Metaprogramming is essential to making that work effectively and usably, and an awful lot of my effort over the last couple of years has been making idris fast enough to compile the Frex library in a reasonable time, to make it responsive. So our definitive definition of responsive here is basically Jakob Nielsen’s, it’s under one second ideally, if it’s over 10 seconds then it’s a bug. We’re generally doing well on the “under one second” there. So yeah, my primary thing is about performance but what can we do with meta programming?
Other things would be type providers, this is where you run a program to calculate what a type is going to be. How do you know that you’re interacting with a database correctly? A database has a schema, maybe the compiler could run a program to query the database schema so that you know that the rest of your program is interacting properly with that database.
Another thing we might use that for is: I have a student working on verifying properties of state machines.

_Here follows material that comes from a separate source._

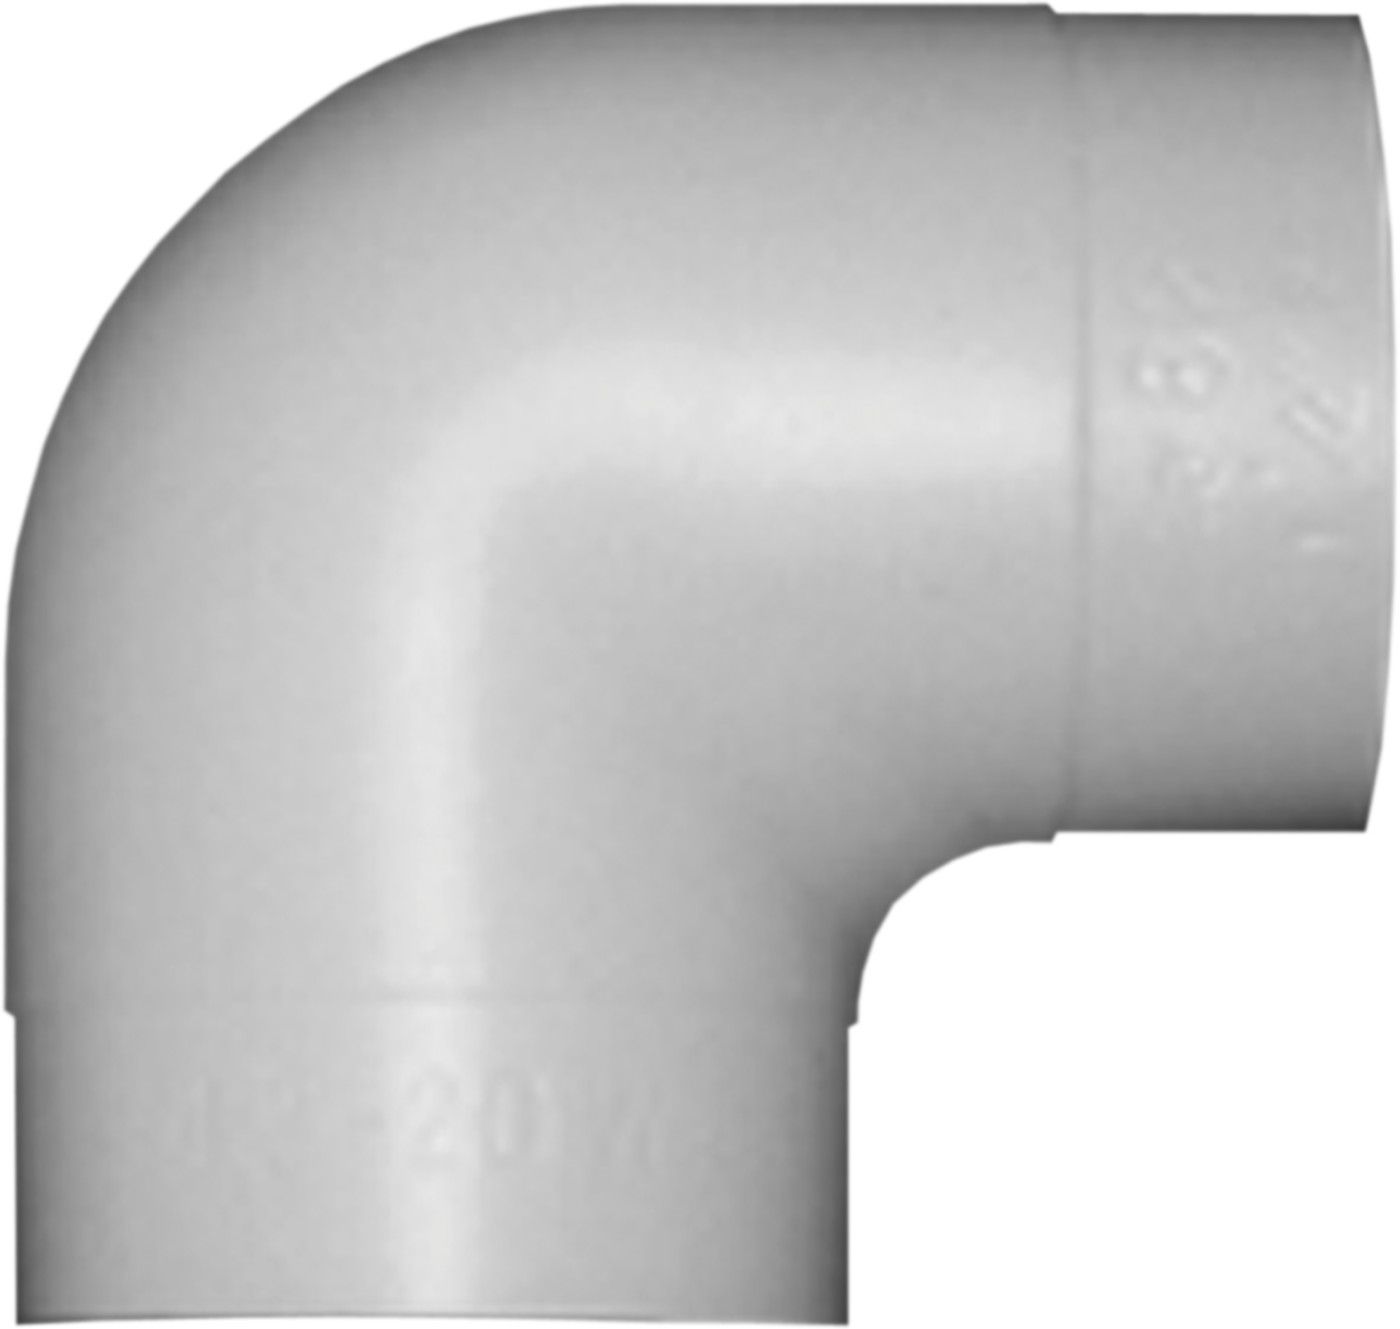 PVC-Bogen 90° W 20 mm d 89 mm - PVC-Folie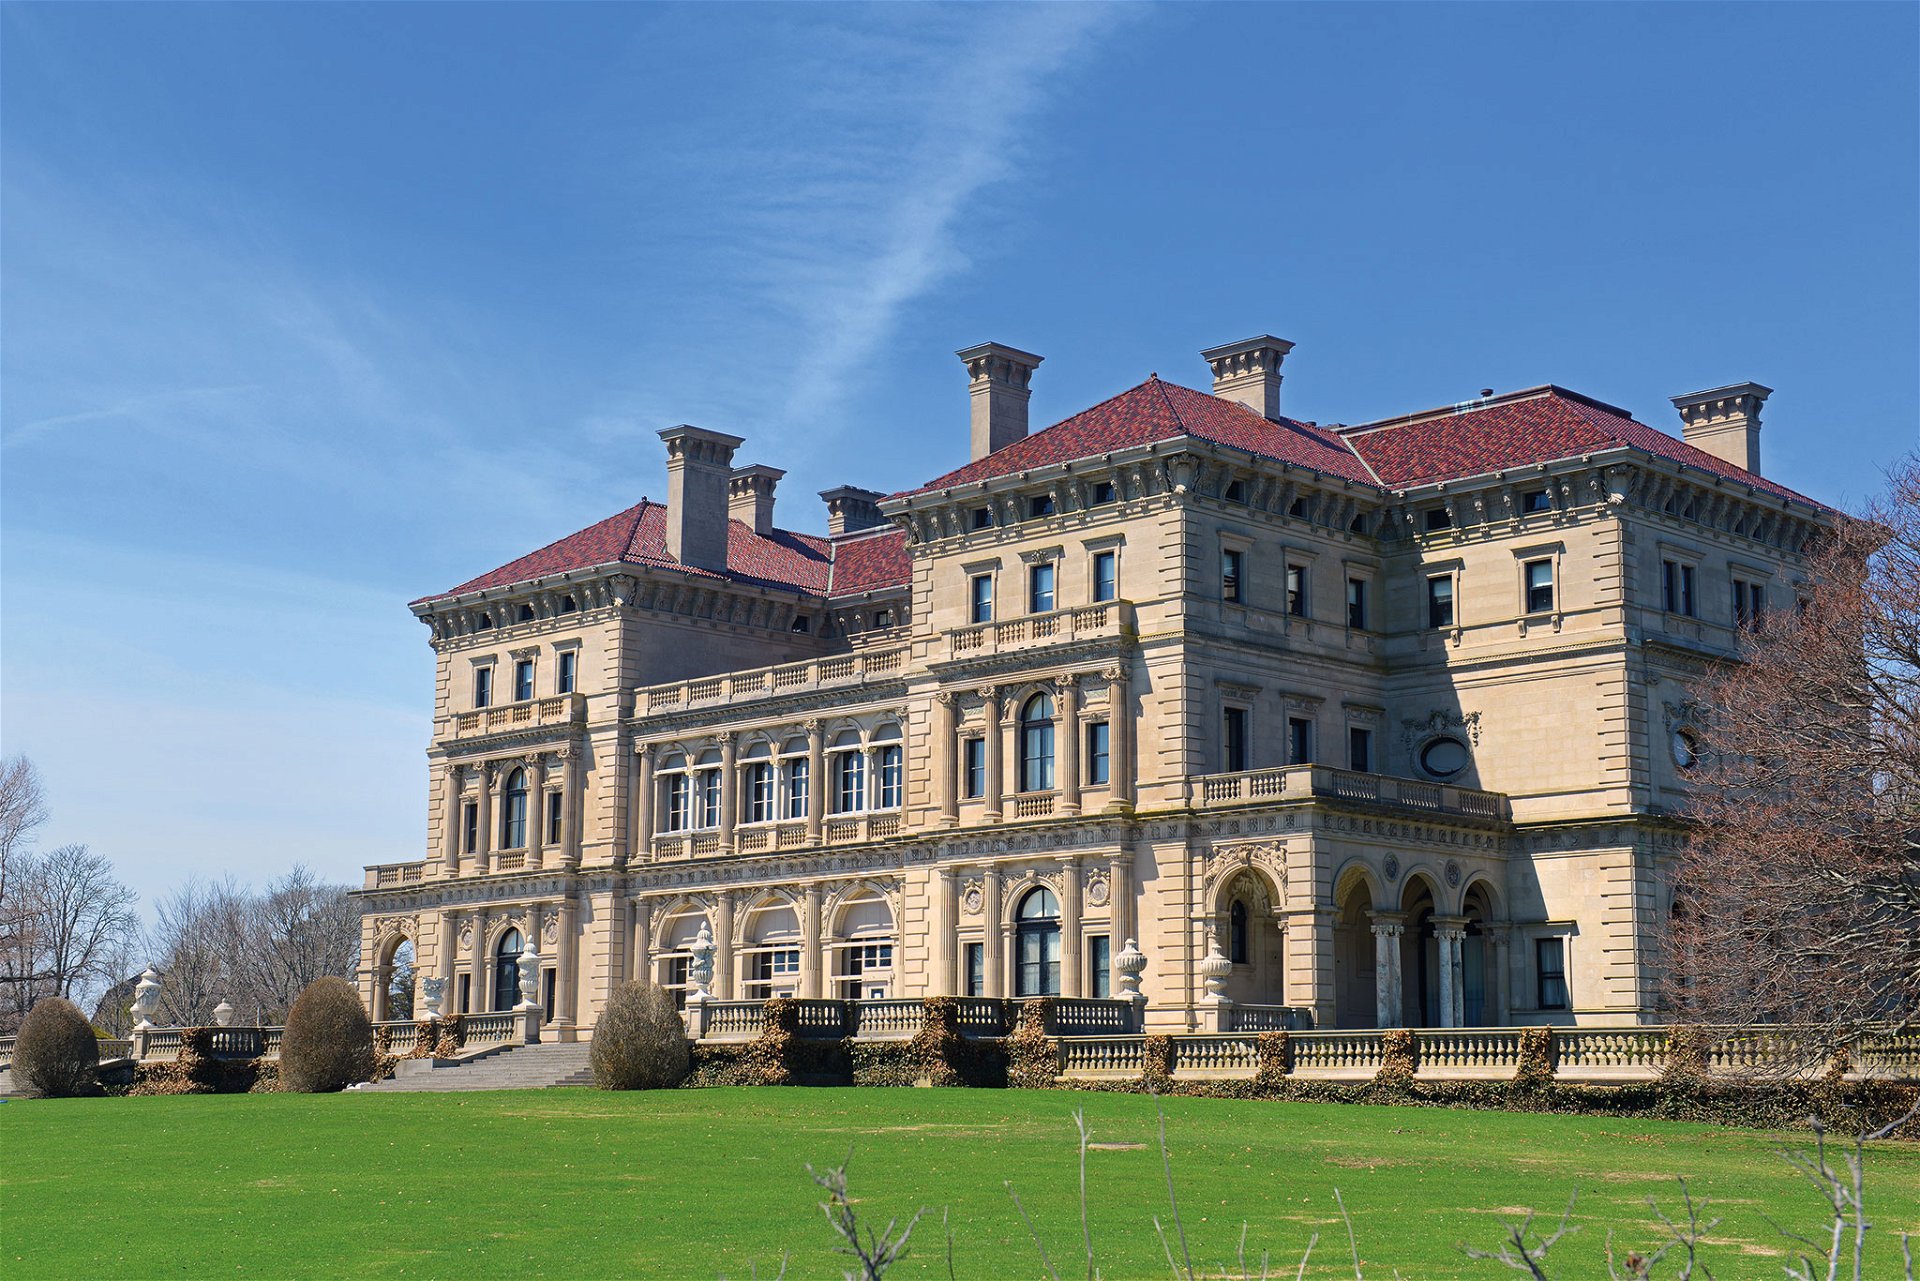 Cornelius Vanderbilt II. ließ in Newport die Super-Mansion »The Breakers« bauen. Architektonisches Vorbild waren die italienischen Renaissancepaläste. Eklektik und Prunksucht at its best.

You could take a graphical description of a state machine in DOT format, you can then parse that DOT format, generate an Idris type that captures the meaning of the state machine, and then try to do proofs about whether it’s always possible to get into a state – so kind of a mini version of a model checker in the type system. Again, that needs good metaprogramming for that to work effectively because we’d really like to just be able to draw the state machine, and that’s your program, and through type providers and metaprogramming you look at the picture and that is your API. It all comes down to metaprogramming. Everything interesting I have in mind seems to come down to good metaprogramming.
We would like to thank Edwin for the interview!